_Stored data_
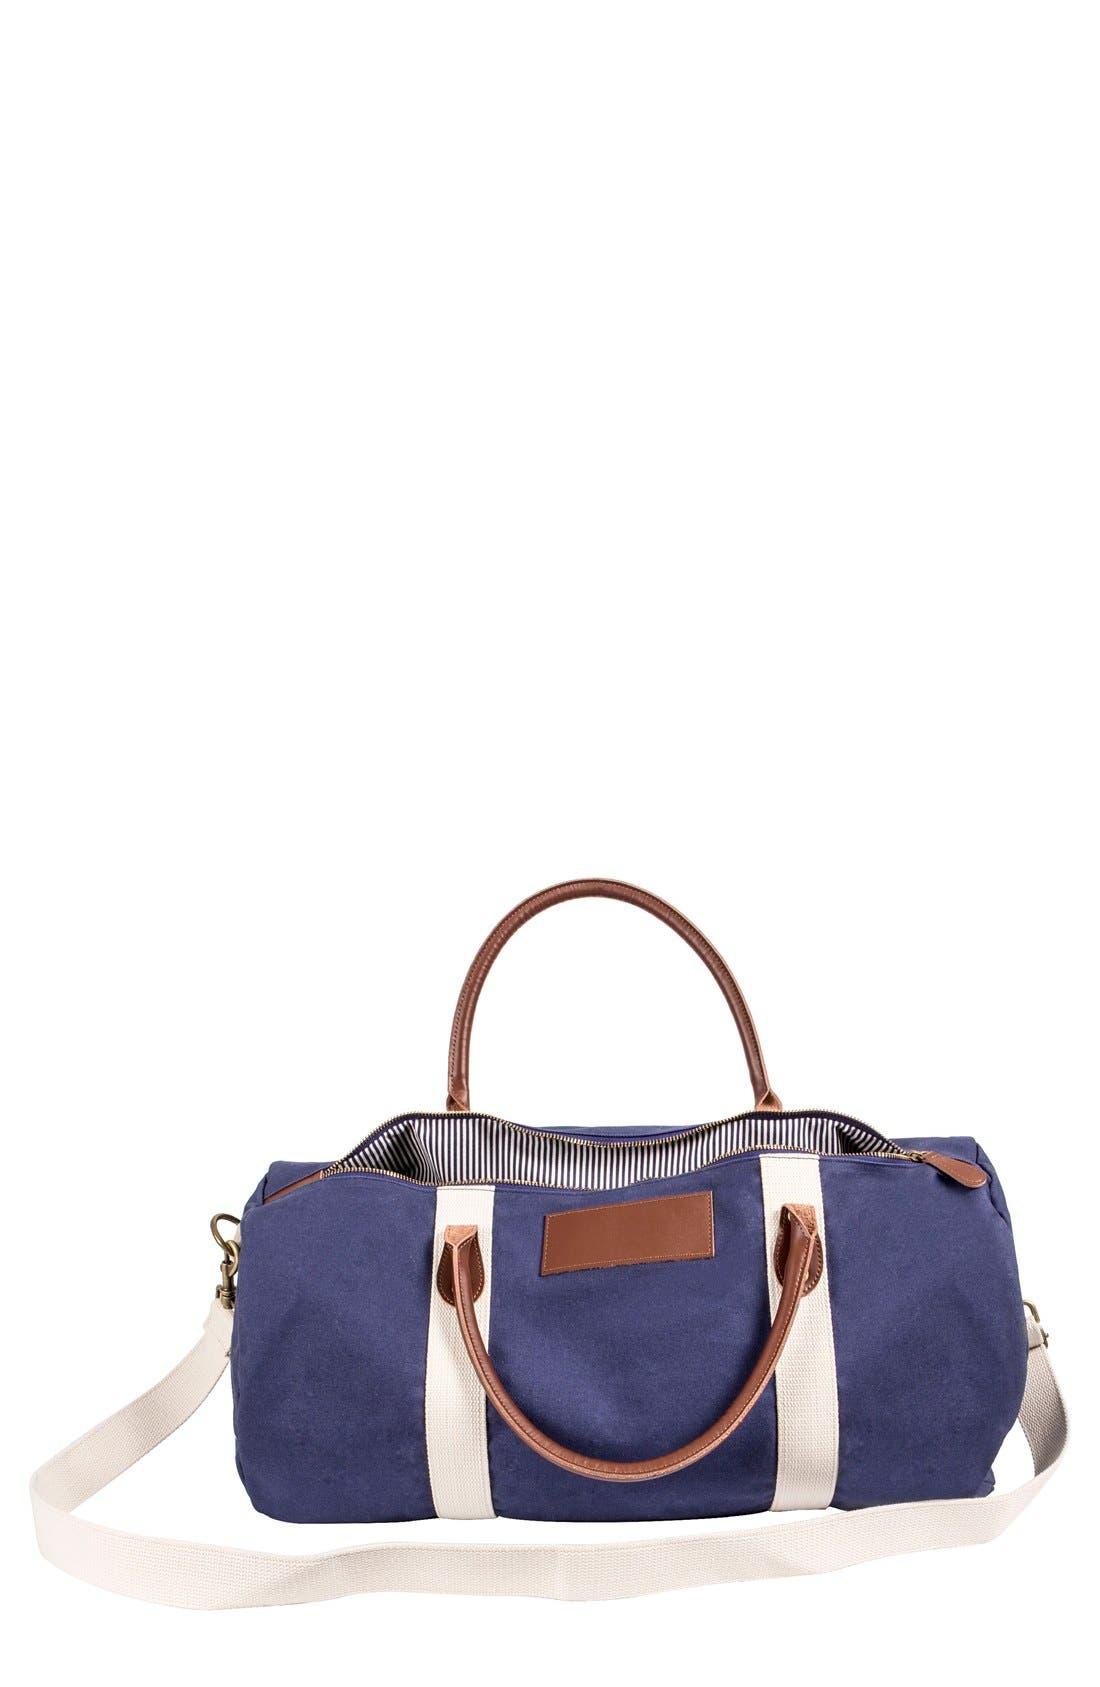 Monogram Duffel Bag,                             Main thumbnail 1, color,                             NAVY
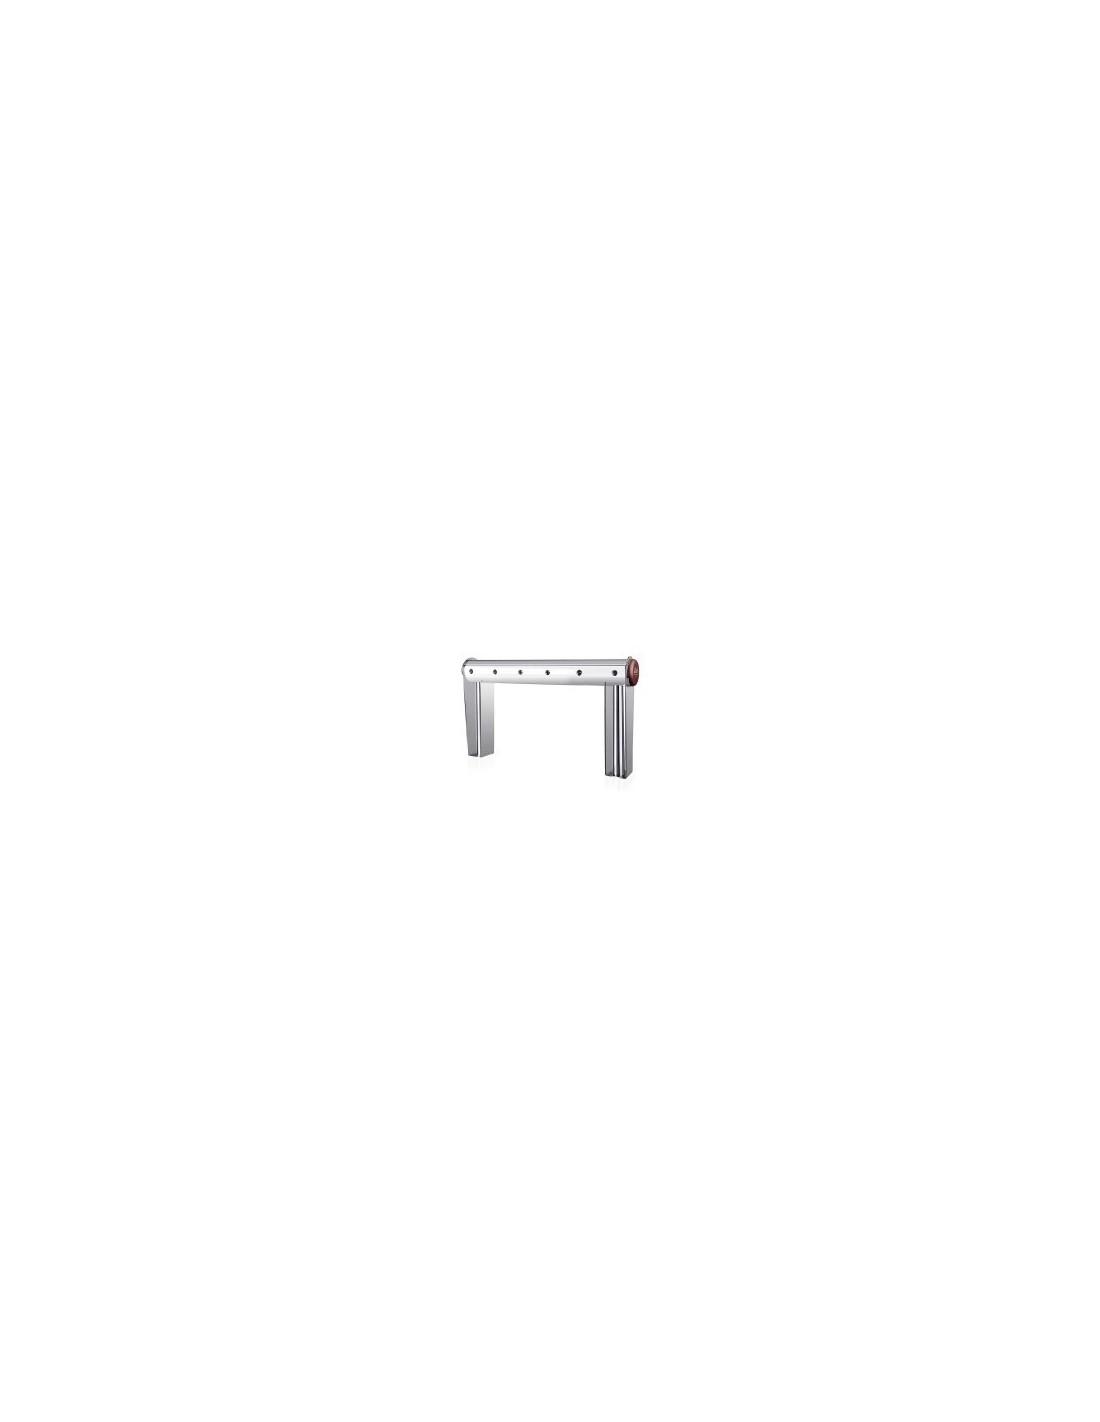 """STV02136 - Tapptorn utan kranar - Tapptorn """"Naked Cold Bridge"""" i rostfritt stål för 6 typer av öl (kranar köpes separat)."""
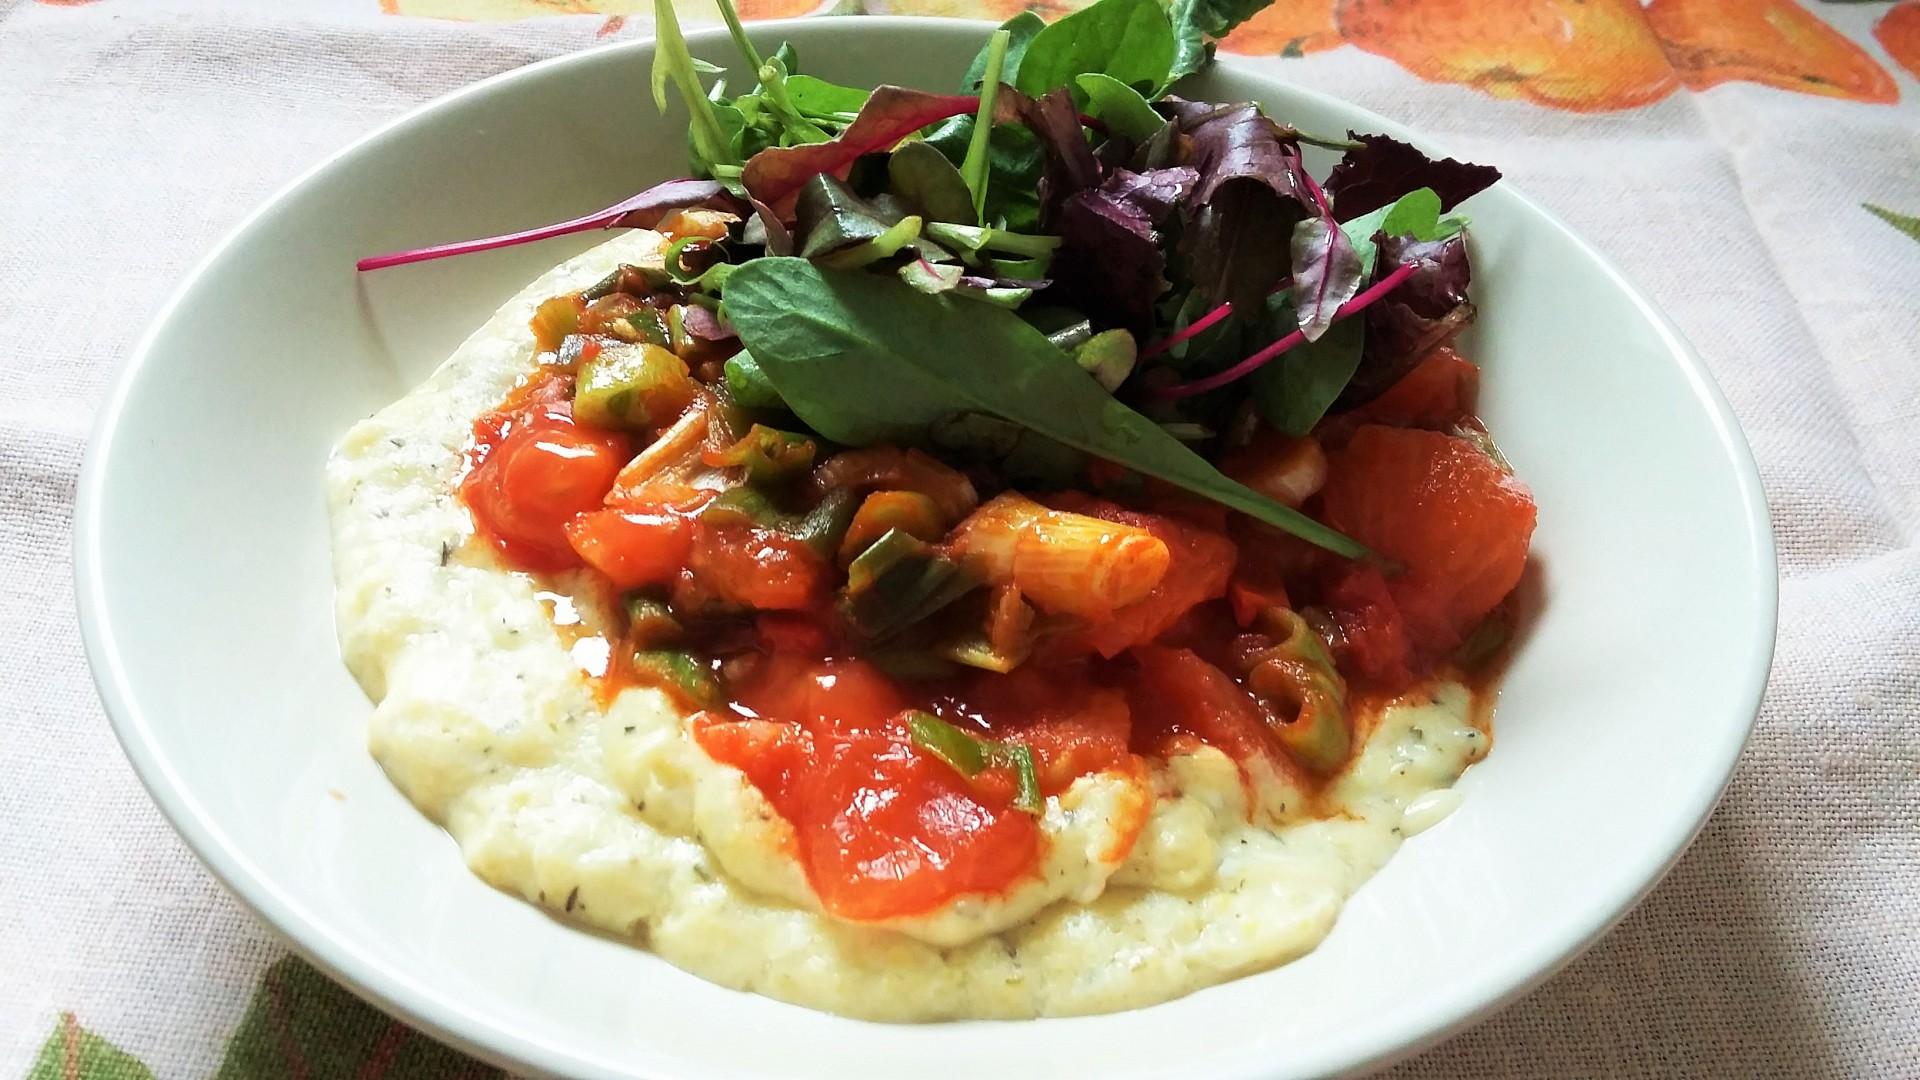 Vaječná polenta s rajčaty po provensálsku recept

_Try it_
Repeat verbatim the lines between the start of the data and the line containing "- Tapptorn utan", both ends included, omitting all pictures.

_Reply_
 Monogram Duffel Bag,                             Main thumbnail 1, color,                             NAVY
 """STV02136 - Tapptorn utan kranar - Tapptorn """"Naked Cold Bridge"""" i rostfritt stål för 6 typer av öl (kranar köpes separat)."""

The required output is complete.